# Single Girls Meet up on 13th Sept



## suitcase of dreams (Oct 7, 2007)

Ok folks, I know I need to do something about booking this up asap....

I've been dithering because a) it's hard to work out how many people are actually going to be able to come (and I don't want to book somewhere and then have lots of people drop out) and b) because I might not actually be able to make the date myself if it clashes with next round of tx (which current calculations suggest it might)

So - what shall we do? Book up the same place as last time in Stratford? Think there was a deposit payable and then 2 or 3 course set meal for fixed price (about £20 I think)

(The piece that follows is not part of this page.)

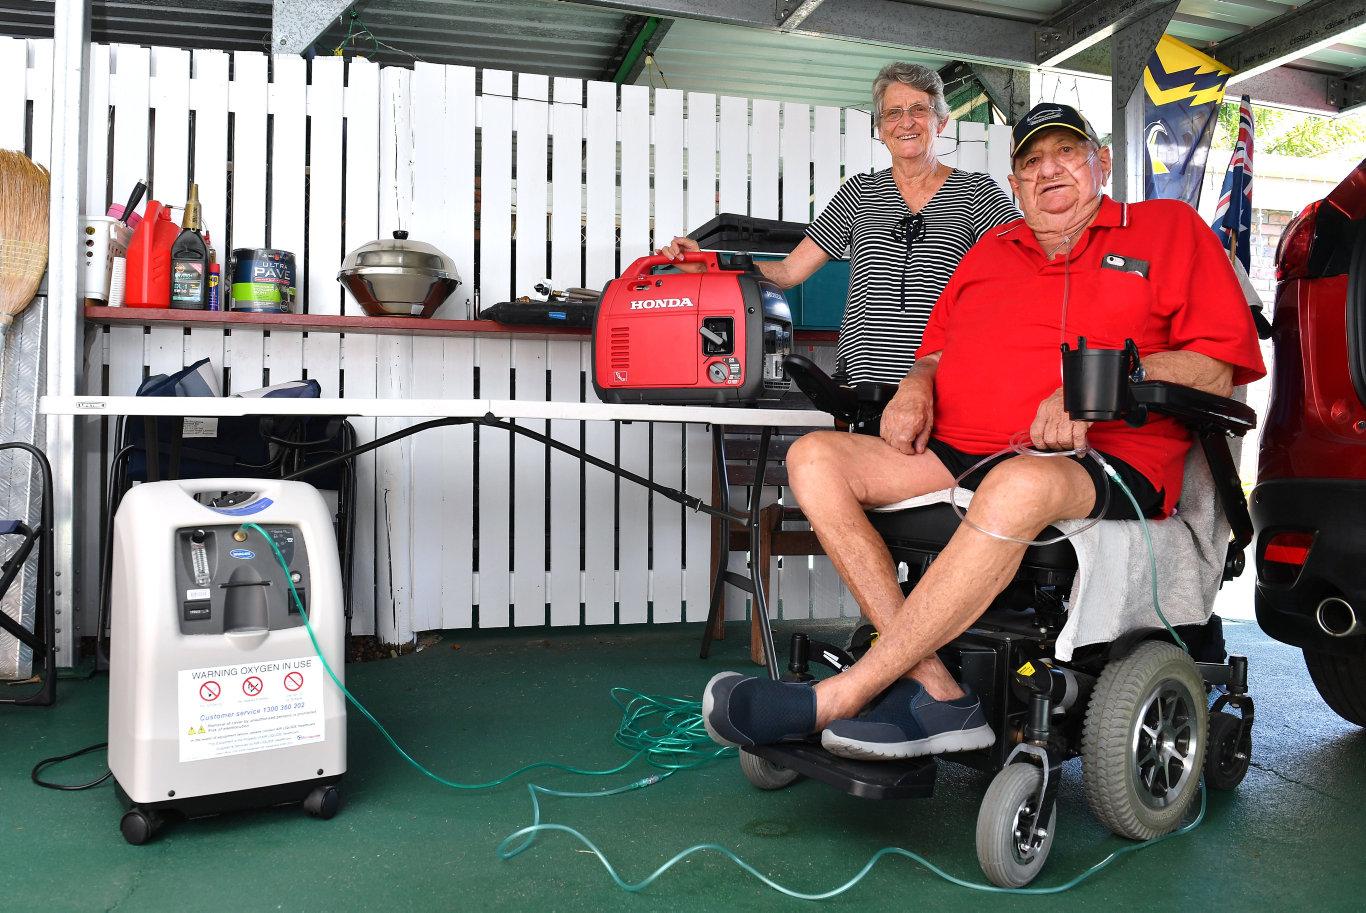 Bill and Trish Senn who won a Honda Generator.

Or, try to find somewhere in Windsor?

And is there any kind soul out there who could take over the organising in case I can't actually there on the day? Pls let me know

thanks all
Laura
x


----------



## pippa38h (Jun 27, 2008)

Does Winsor have a train station nearby or could someone pick me up from somewhere in London or near - ironically it`s quicker to get to london than the 4.4hrs to stratford (but I don`t know how long to get to Winsor). I drive, but 2hrs is about my limit.
Pippa


----------



## Chowy (Apr 12, 2008)

Hi Pippa

I am just outside of Stratford, if you got the train down I would be happy to meet you at the station.  We have been to dog shows in Durham and it didnt take us as long as 4.4hrs.

Chowy


----------